Subject Re: [firebird-support] Error on Gfix
Author Ann Harrison

On Tue, Sep 29, 2015 at 4:50 PM, Jeferson Sisto jsistox@... [firebird-support] <firebird-support@yahoogroups.com> wrote:


Ok, I know this full procedure about corrupt database.

But, when the unique problem about corrupt database is ORPHAN PAGE. In this especific situation, is necessary to execute all the steps, including the backup/restore?

Looking my situation, I'm having ONLY orphan page in a database that have 20~30 GB. In this database, the backup/restore procedure delay significative time...

Orphan pages are just lost space.  If you've only got three or four (at 16KB per page) in a 20 GB database by all means ignore it.   Orphan record versions are the same, but even less significant.   

Both those errors can occur when the database shuts down without writing out its cache completely.  They're totally benign.  


For those who care deeply, here's the situation.  Firebird uses careful write to maintain on-disk consistency.  That translates to writing the thing pointed to before the pointer when creating objects and removing the pointer before the object when releasing objects.  

Consider the case of allocating a new page to a table.  

1) the page number is released from the free page list, so it can't be allocated twice and the free page list is written.  
2) the page is formatted to look like a data page for that table and written to the database.  
3) the page number is entered into the list of page that belong to the table and that list is written to the database.
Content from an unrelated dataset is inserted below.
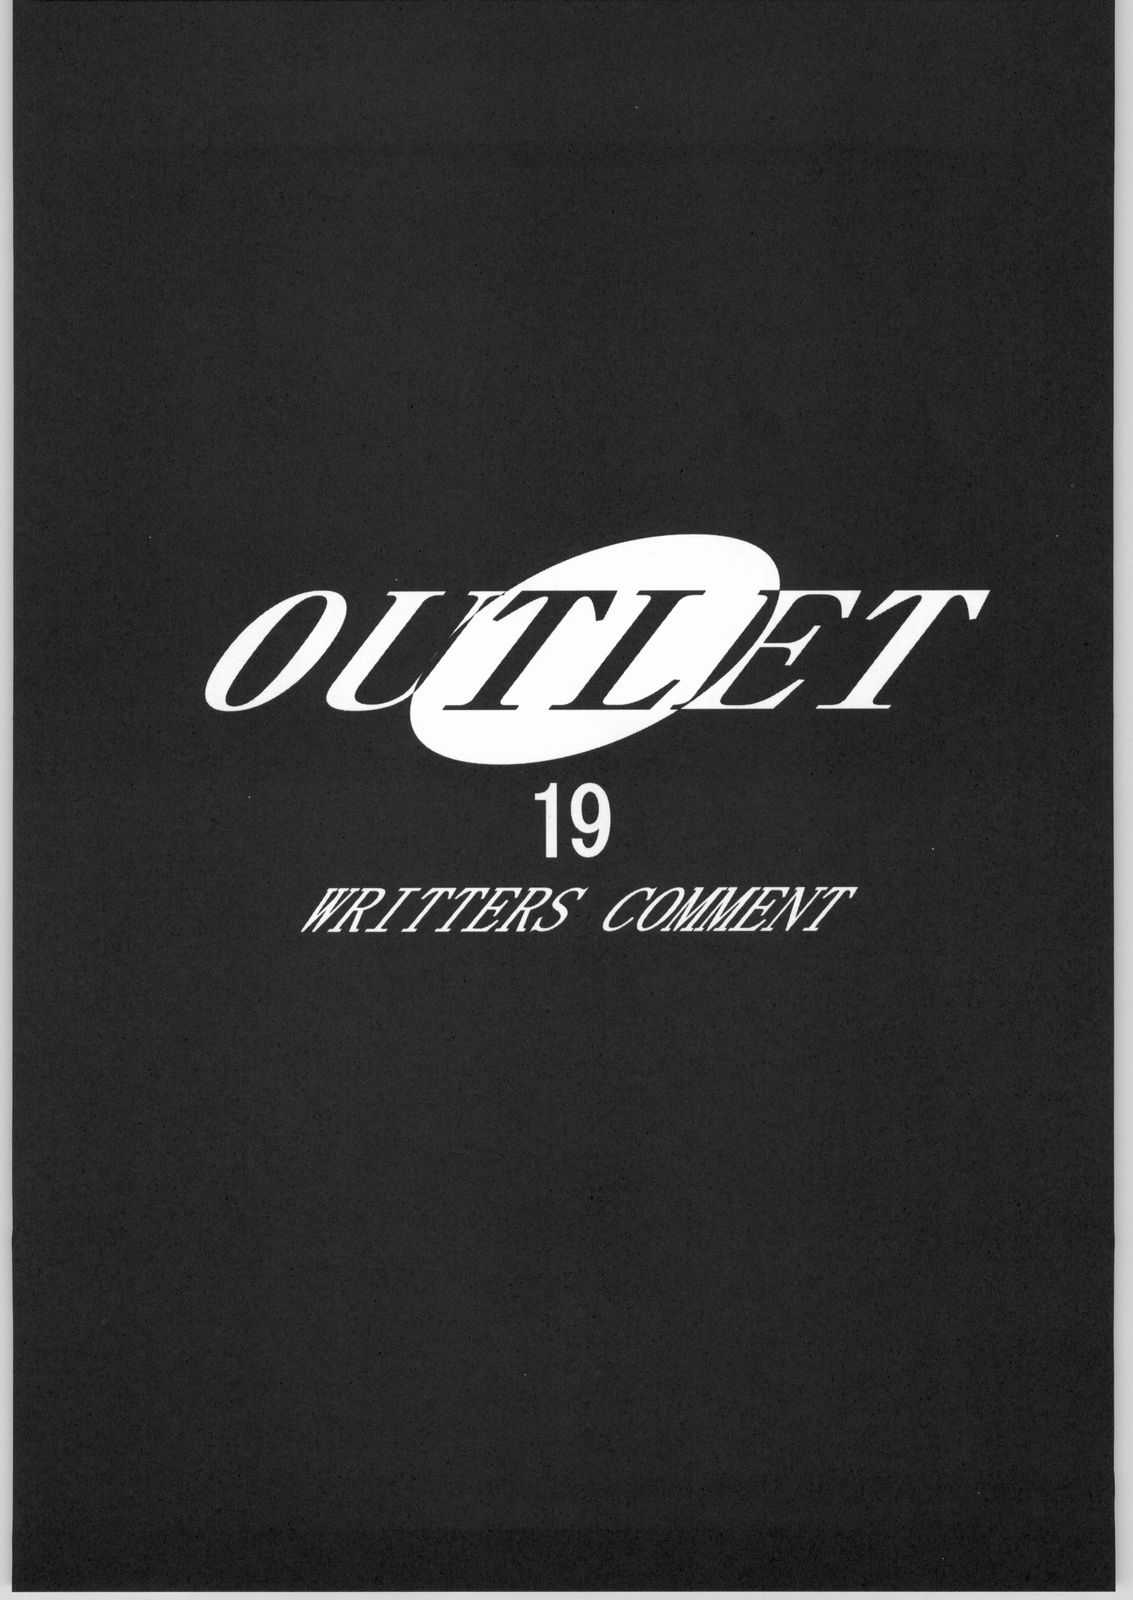 [ST DIFFERENT] Outlet 19 (Dead or Alive) [ST DIFFERENT] Outlet 19 (デッド・オア・アライヴ	)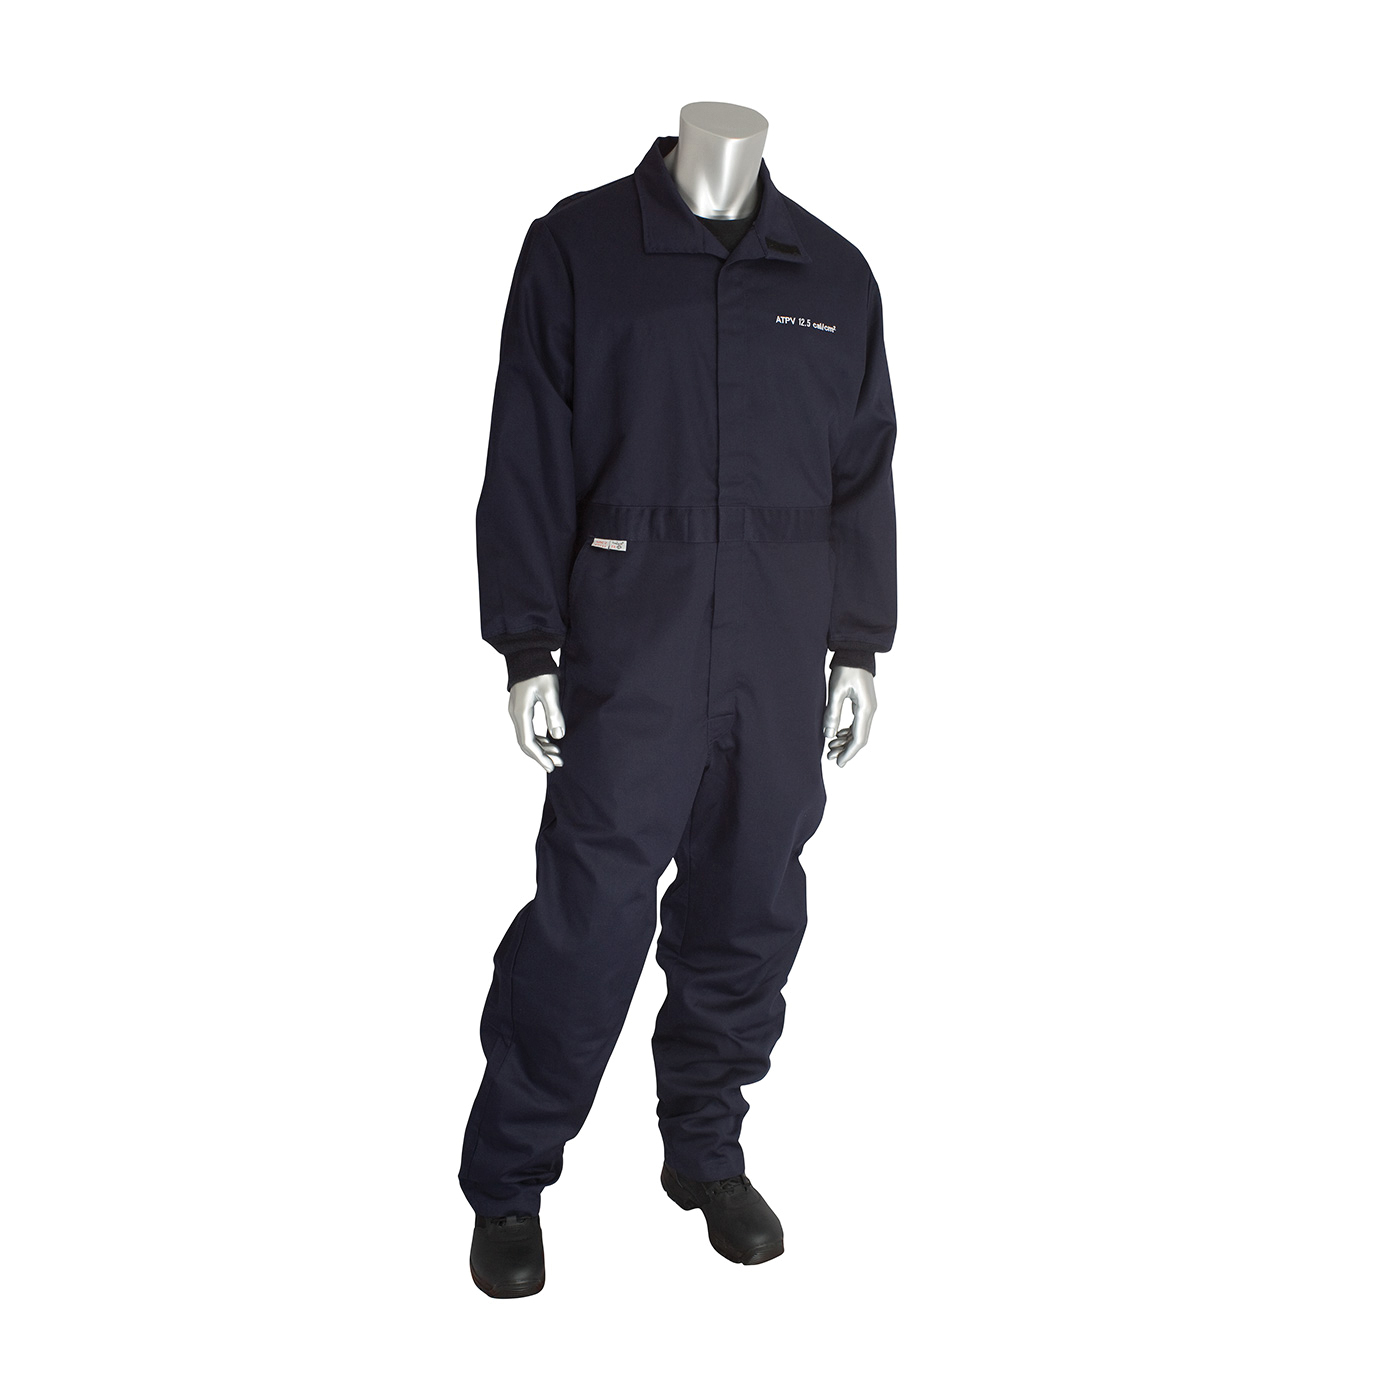 PIP® 9100-2170D/XL Flame Resistant Coverall, XL, Navy, 90% Cotton/10% Nylon/FR Twill Weave, 48 to 50 in Chest, 32 in L Inseam

If the database stops between 1 and 2 or 2 and 3, that page is neither free nor associated with a table, index, or internal structure.  But it doesn't cause any problems either.  It just sits there, wasting a small amount of space until gfix removes it or the database is restored from a backup.

Similarly when Firebird garbage collects an old record version, it first clears the pointer to the version in the next newer version, then clears the entry on the data page that locates the actual record.  Last, it removes index entries that are no longer valid.  If there's a failure between clearing the record pointer and the entry on the data page, that record version sits there until gfix removes it or the database is restored.